I think that our lives have been quite intertwined over the years. My own wife (who liked Richard very much indeed) is French – indeed, I am writing this from France, where we are now sitting out Covid – and now I have children of my own who will grow up in a multi-lingual cross-cultural household. Richard and I discussed the benefits and challenges of such arrangements many times. It was one of the few joys of the lockdown that video calling allowed me to introduce Richard to my elder daughter Héloïse. I reminded him of the time I had met Louis and his dinosaur. It felt like a significant moment.

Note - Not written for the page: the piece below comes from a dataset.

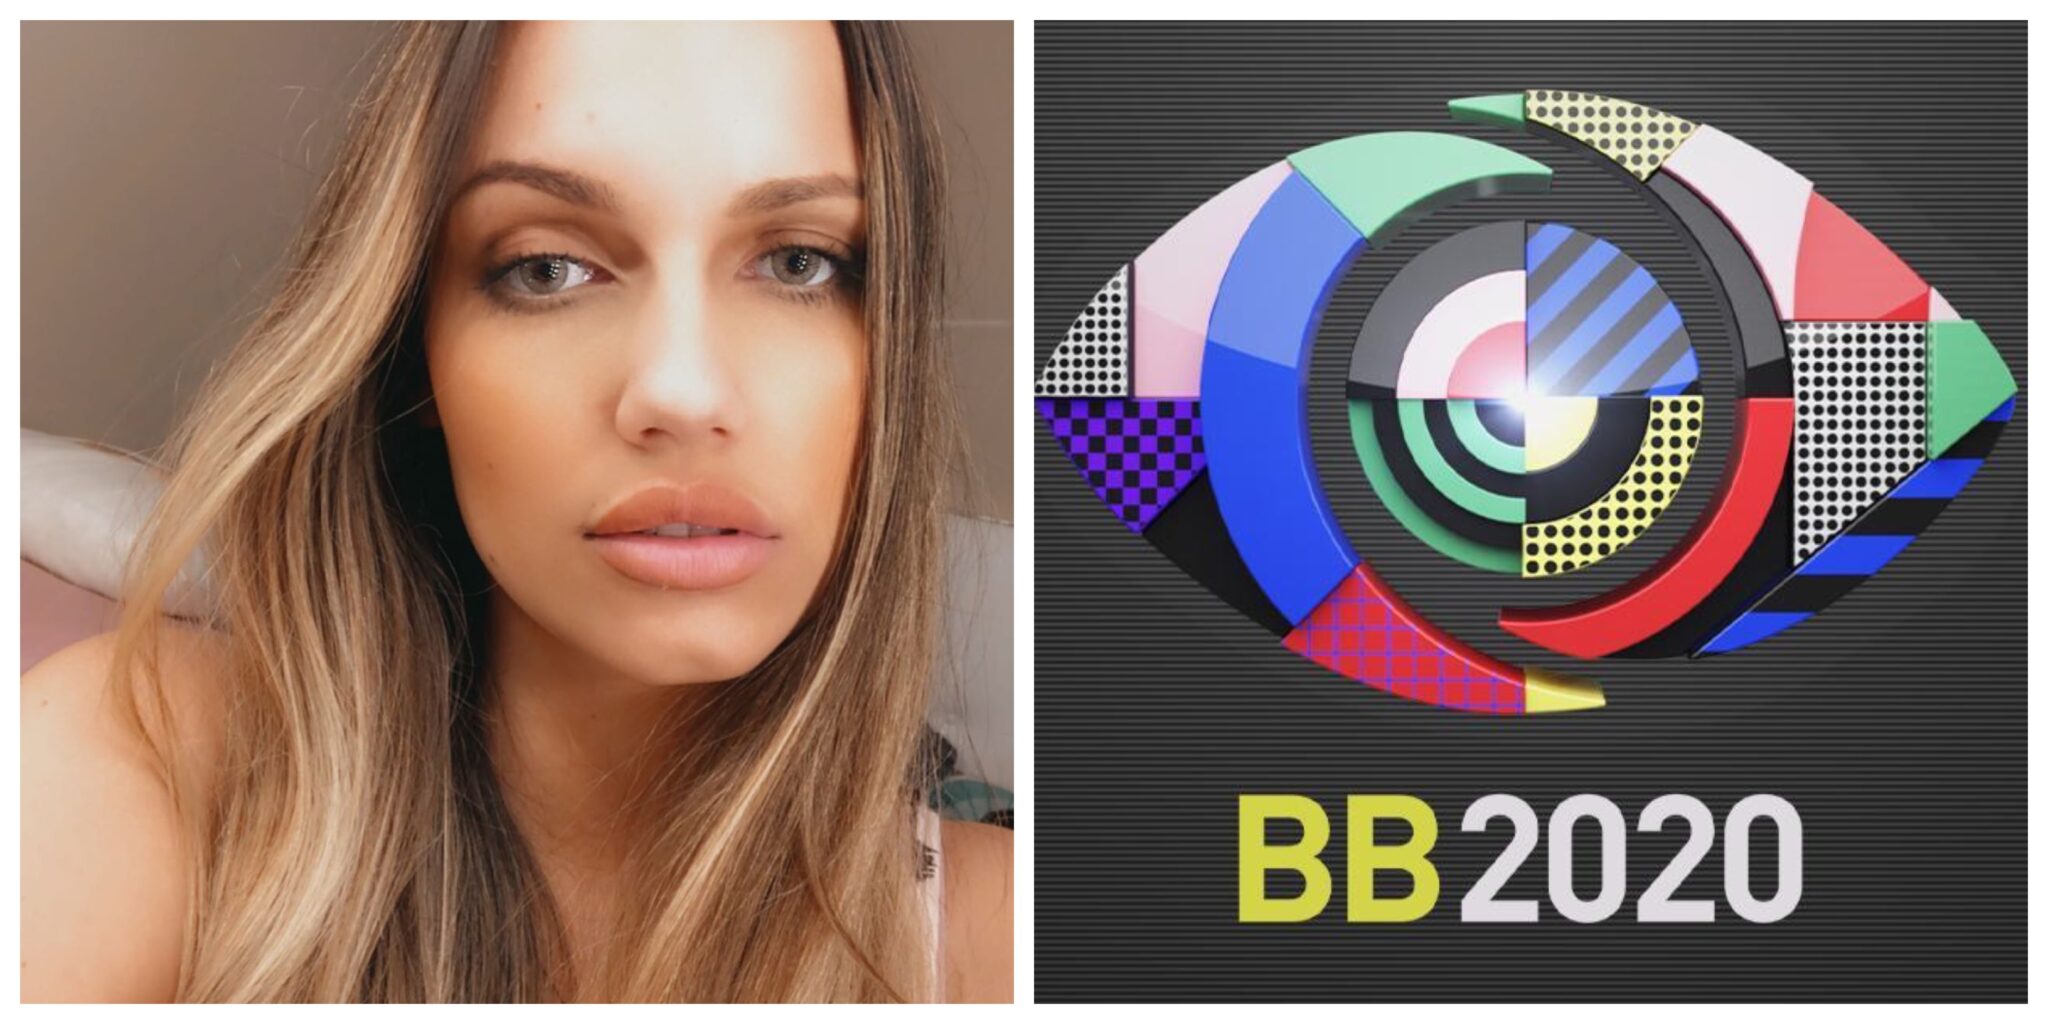 Debora Picoito 2 Scaled Big Brother 2020. Débora Picoito Ataca Críticos De Reality Shows

It is so tragic that Richard is gone at such a young age and I feel deeply distraught at his loss. I had always wondered whether one day, when his children had left home, Richard might leave the Bar and move to Paris with Claire. Perhaps he would return to the art world, seeing out his days in an art dealership on the Rue du Faubourg Saint-Honoré, or perhaps just potter around the antiquarian bookshops of the Quartier Latin. Maybe this was just a figment of my imagination, but I feel desperately sad that he never got the chance.
I know he was immensely proud of his family. I hope he was proud of the work he had done. And above all I hope that he knew just how much he was loved and admired by all who knew him.